Mekkeli müşrikler başta Rasülullah (s.a.v) olmak üzere ilk müslümanların

hepsine işkence ettiler. İşkence yapma­ya birbirlerini kışkırttılar. Fikren ve kal­ben mağlup olanların söyleyecek sözleri, verecek özleri olmadığından el ve ayak­larından meded umarlar. Tokat ve tekmeye başvururlar. İtibarlı ve zengin olanları ise tehdit ederler, öyle değil mi? İşte birkaç örnek:

Zinnire Hatun (r. anha) Rum asıllı olup cariye idi. İslamiyet'i başlangıcında

müslüman kadınların İlklerindendir.   Kızı  Ümmü  Ubeys  de   cariye

olup, o da ilk müslüman kadınlardandı. Her ikisi de inançlarından dolayı ağır işkenceler gördüler.
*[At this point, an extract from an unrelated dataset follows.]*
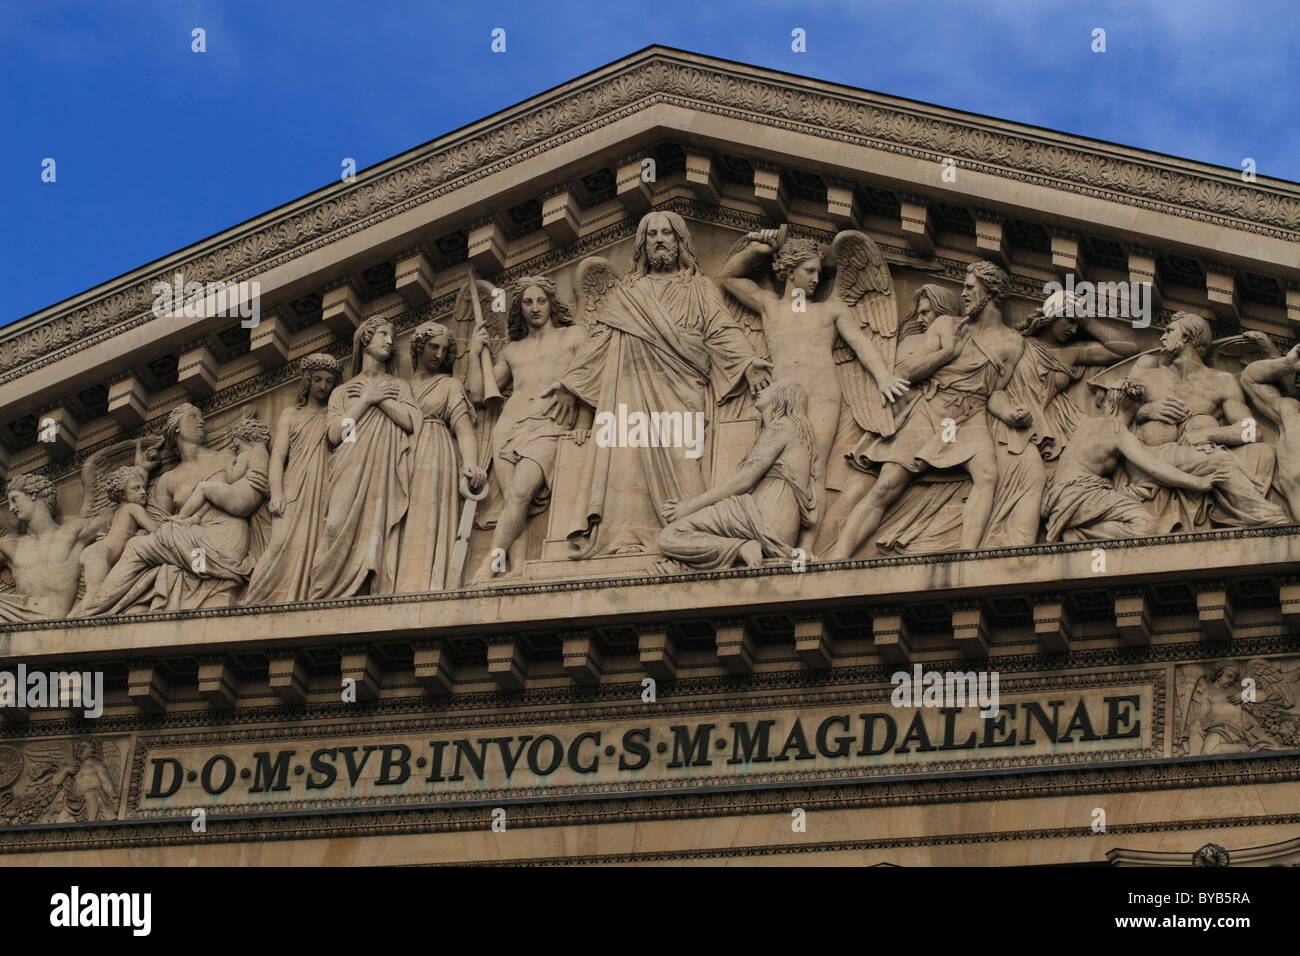 Eglise de la Madeleine, Madeleine Church, frieze in a Classical-style, 8th Arrondissement, Paris, France, Europe Stock Photo
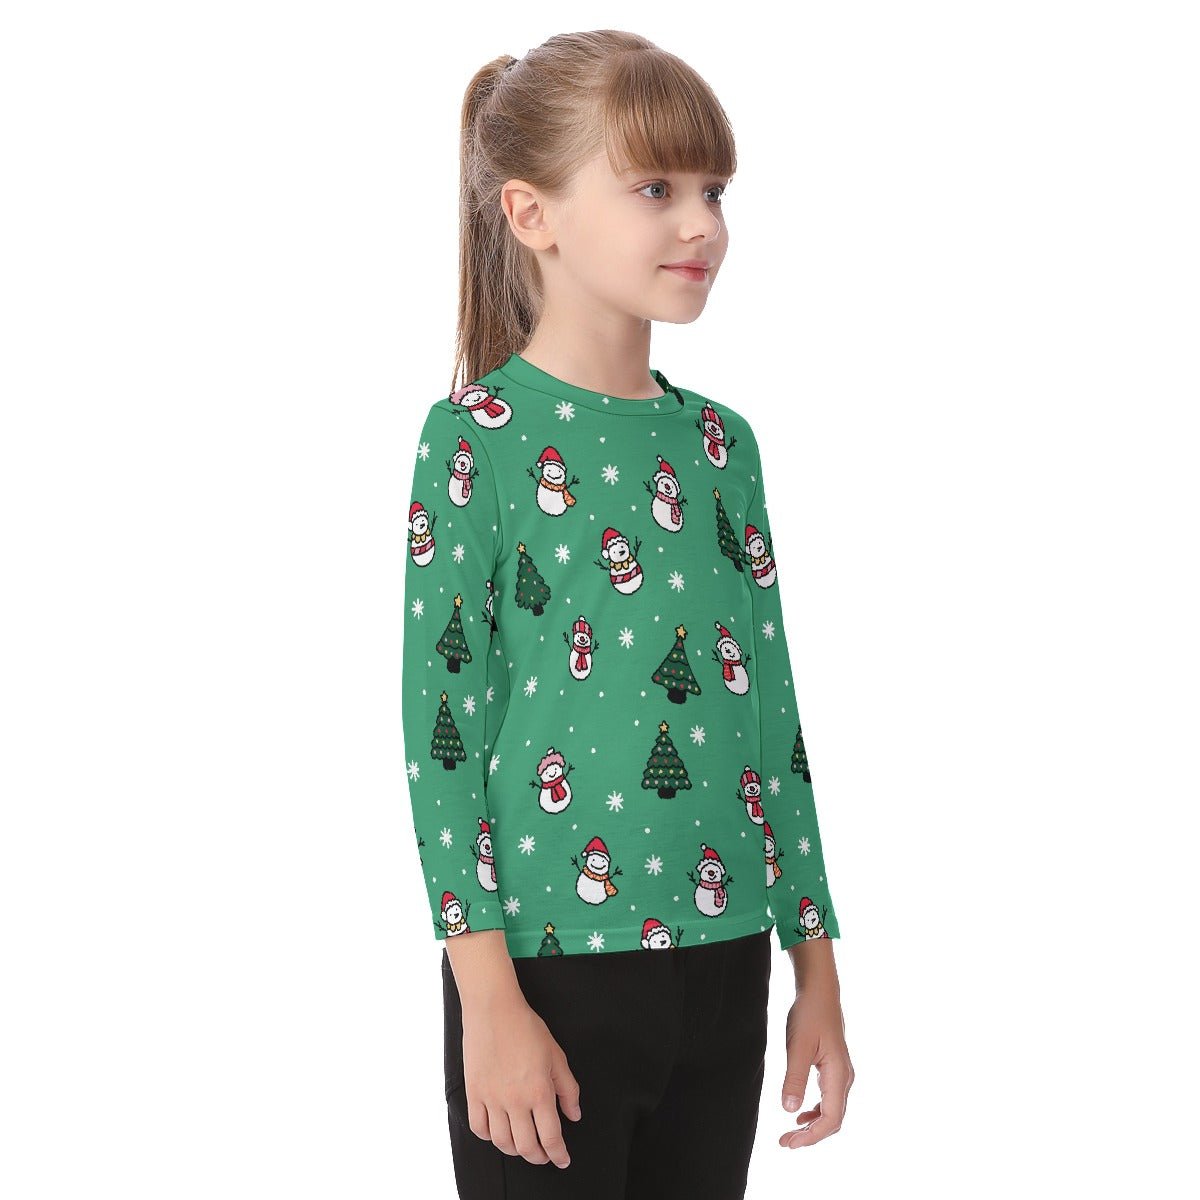 Kid's Long Sleeve Christmas T-shirt - Green Snowman - Festive Style

Hz. Ömer müslüman olmadan önce kendisinin üze­rine yürür, boğazını sıkardı. Elleri yanlarına düşen Zinnire'nin öldüğü sanılırdı.

Ebu Cehil'in yaptığı işkenceler yüzünden Zinnire Ha­tun'un gözleri kör olmuştu. Ebu Cehil, "Gördün mü? Lât ve Uzza senin gözünü de kör etti!" dedi. Zinnire Hatun "Hayır! Vallahi bu böyle değildir. Benim gözümü böyle eden onlar değillerdir. Lât ve Uzza, ne yarar, ne de zarar vermeğe asla kadir olamazlar. Lât ve Uzza hiçbir şeyi göremezler! Onlar, kendilerine tapanları da, tapmayanları da bilmezler. Fakat bu semavi bir iştir. Benim Rabbim gözü­mü geri vermeğe, beni gördürmeğe de kadirdir." dedi. Di­ğer müşrikler de Ebu Cehil gibi söylediler ama Zinnire on­ların da yalan söyledilerini Allah'a yemin ederek ilan etti. Bu tartışmaların olduğu günün gecesi geçip de sabah olunca Yüce Allah (c.c) Zinnire Hatun'un gözlerini geri çevirdi, gördürdü. Lakin kureyş müşrikleri "Bu da, Muhammed'in sihirlerindendir!" dediler.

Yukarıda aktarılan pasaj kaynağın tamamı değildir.